Spark’s final component is its libraries, which build on its design as a unified engine to provide a unified API for common data analysis tasks. Spark supports both standard libraries that ship with the engine, and a wide array of external libraries published as third-party packages by the open source communities. Today, Spark’s standard libraries are actually the bulk of the open source project: the Spark core engine itself has changed little since it was first released, but the libraries have grown to provide more and more types of functionality. Spark includes libraries for SQL and structured data (Spark SQL), machine learning (MLlib), stream processing (Spark Streaming and the newer Structured Streaming), and graph analytics (GraphX). Beyond these libraries, there hundreds of open source external libraries ranging from connectors for various storage systems to machine learning algorithms.

Future of Spark

Spark has been around for a number of years at this point but continues to gain massive popularity.

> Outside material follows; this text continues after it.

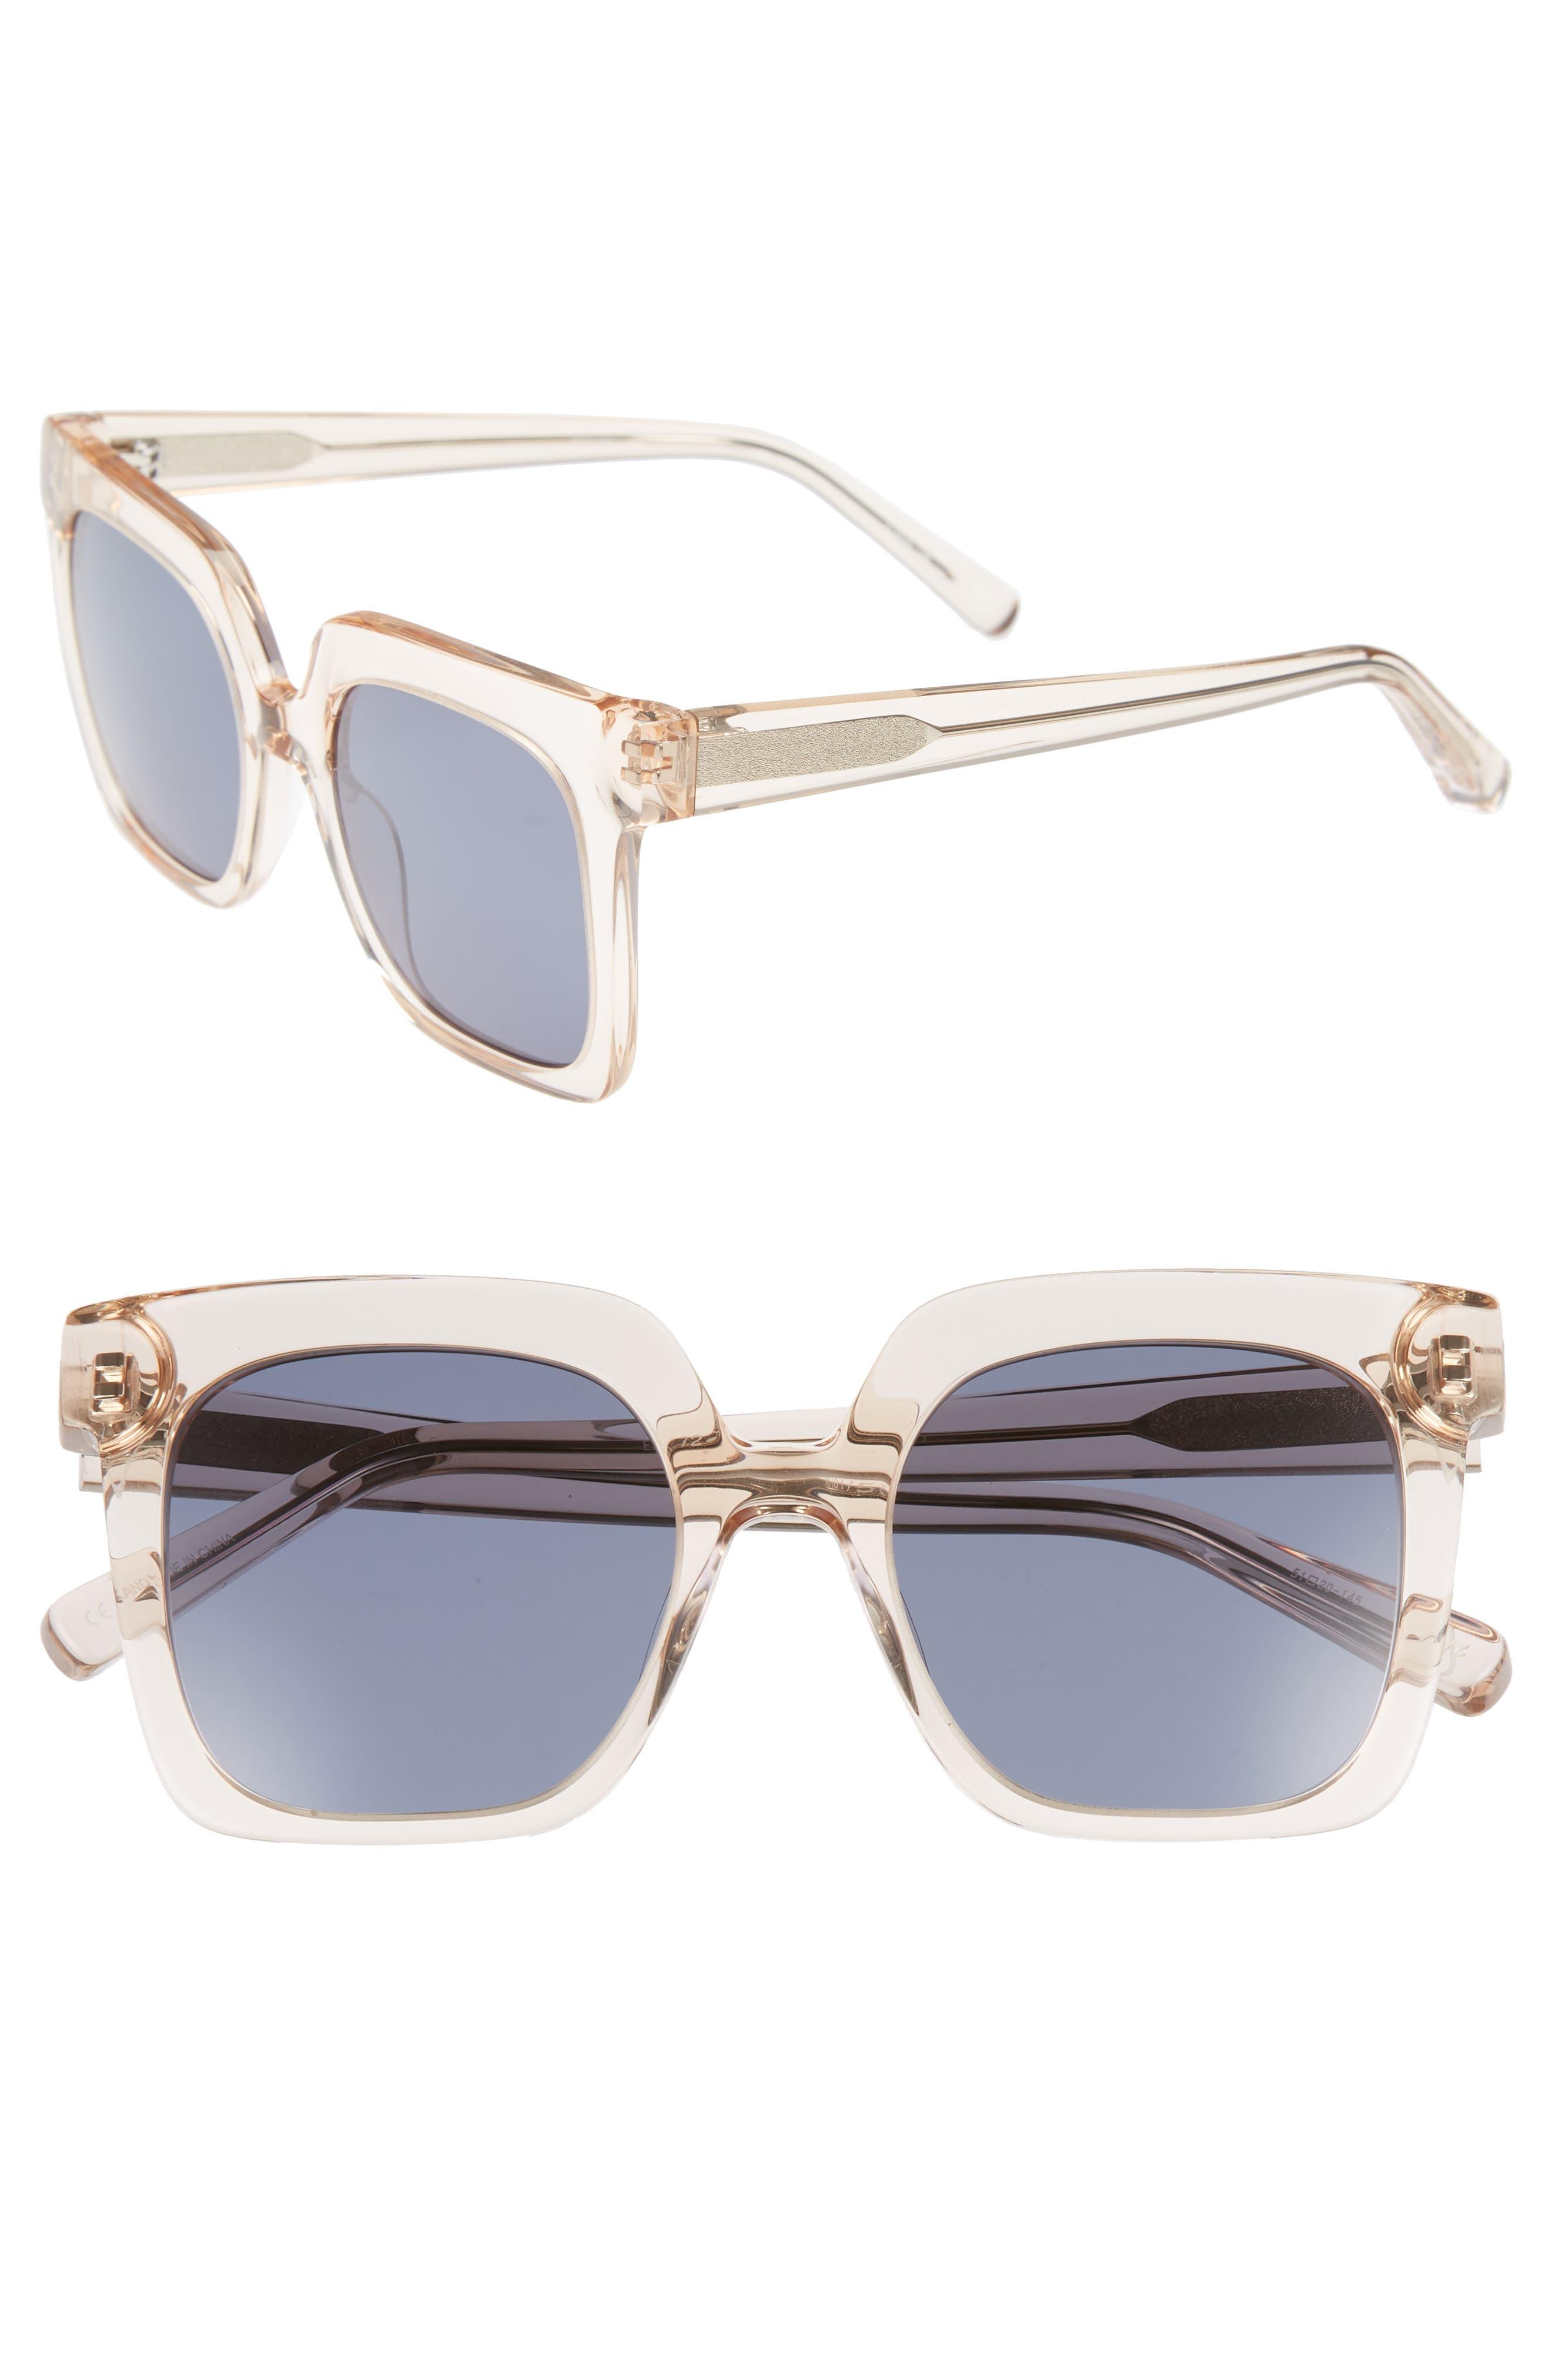 Rae 51mm Square Sunglasses,                             Main thumbnail 2, color,
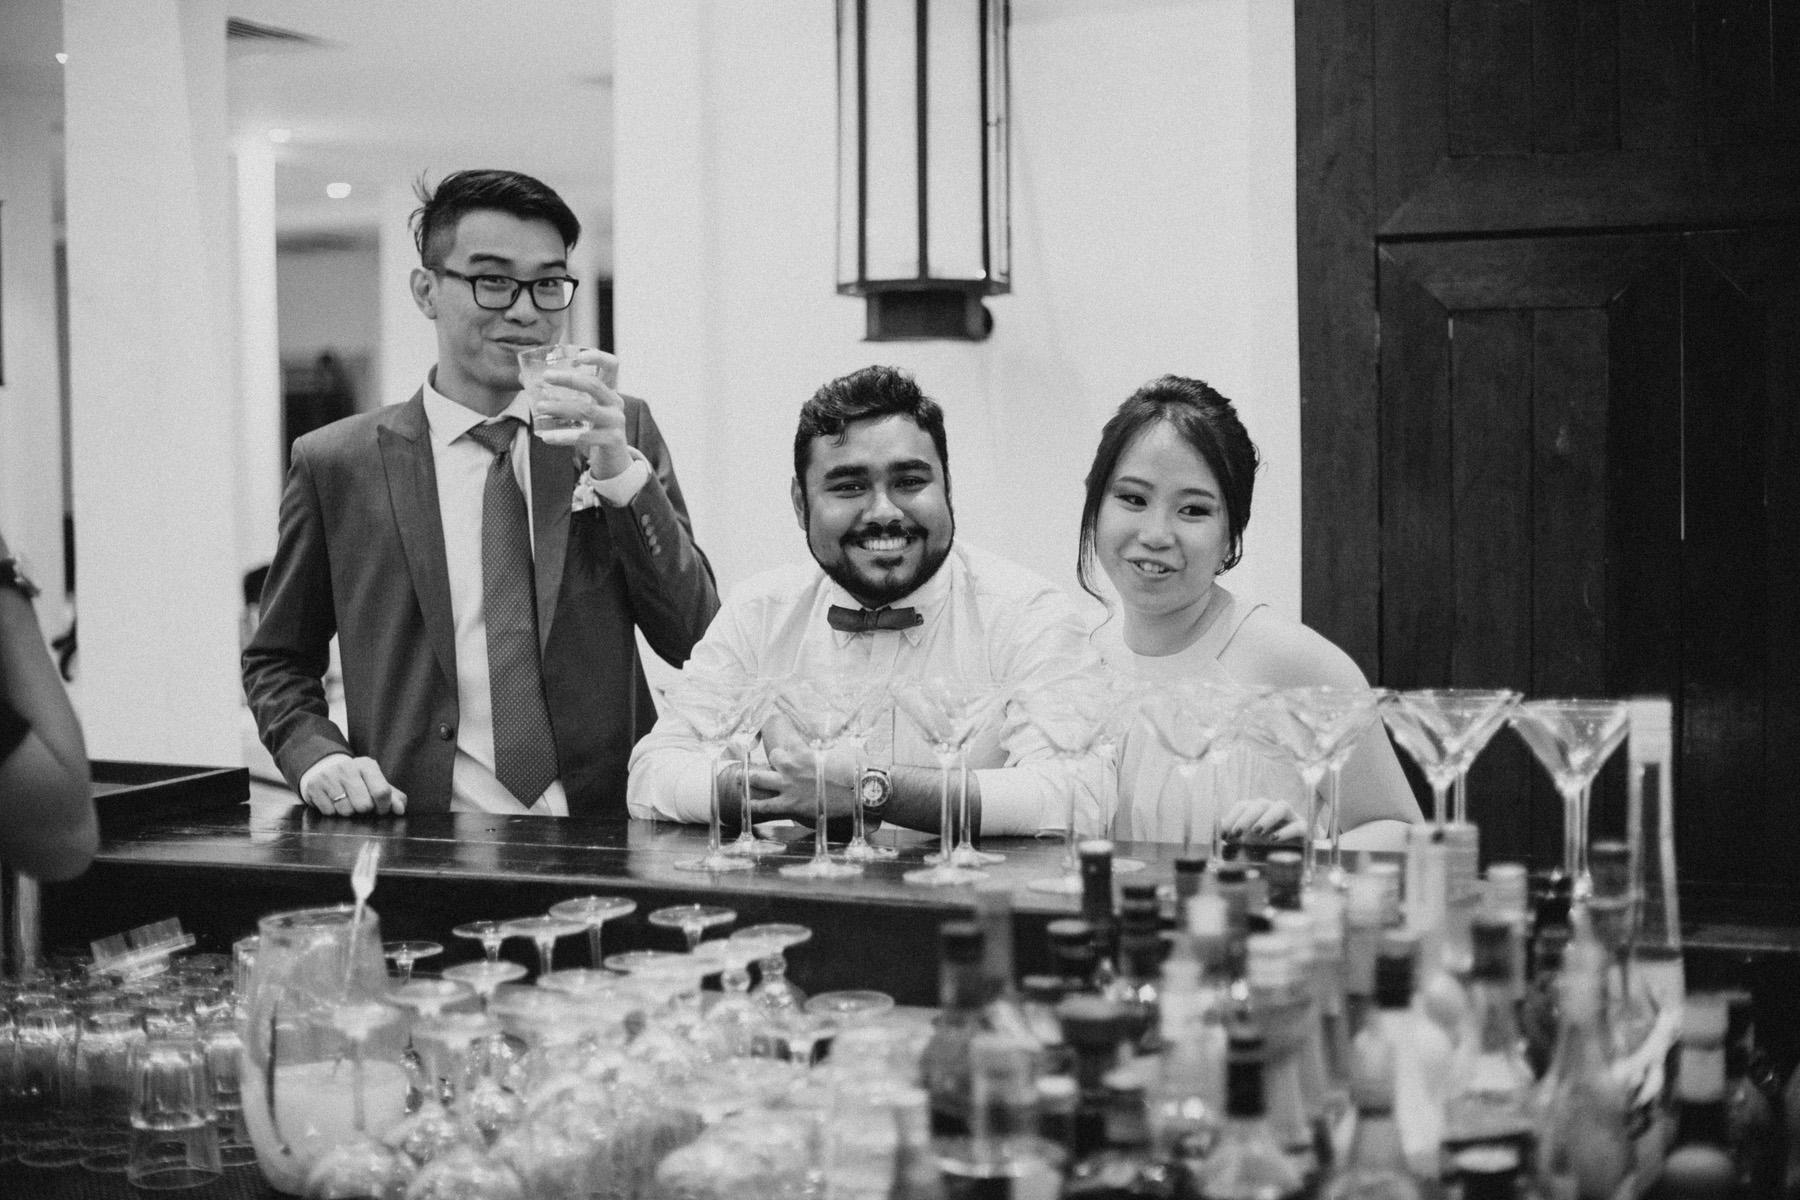 singapore-wedding-travel-photographer-faith-alvin-wedding-wmt-52.jpg

Many new projects within the Spark ecosystem continue to push the boundaries of what’s possible with the system. For instance a streaming engine (Structured Streaming) was built and introduced into Spark in 2017 and 2017. This technology is a huge apart of companies solving massive scale data challenges, from technology companies like Uber and Netflix leveraging Spark’s streaming engines and machine learning tools to institutions like the Broad Institute of MIT and Harvard leveraging Spark for genetic data analysis. Spark will continue to be a cornerstone of companies doing big data analysis for the foreseeable future, especially since Spark is still in its infancy. Any data scientist or data engineer that needs to solve big data problems needs a copy of Spark on their machine and a copy of this book on their bookshelf.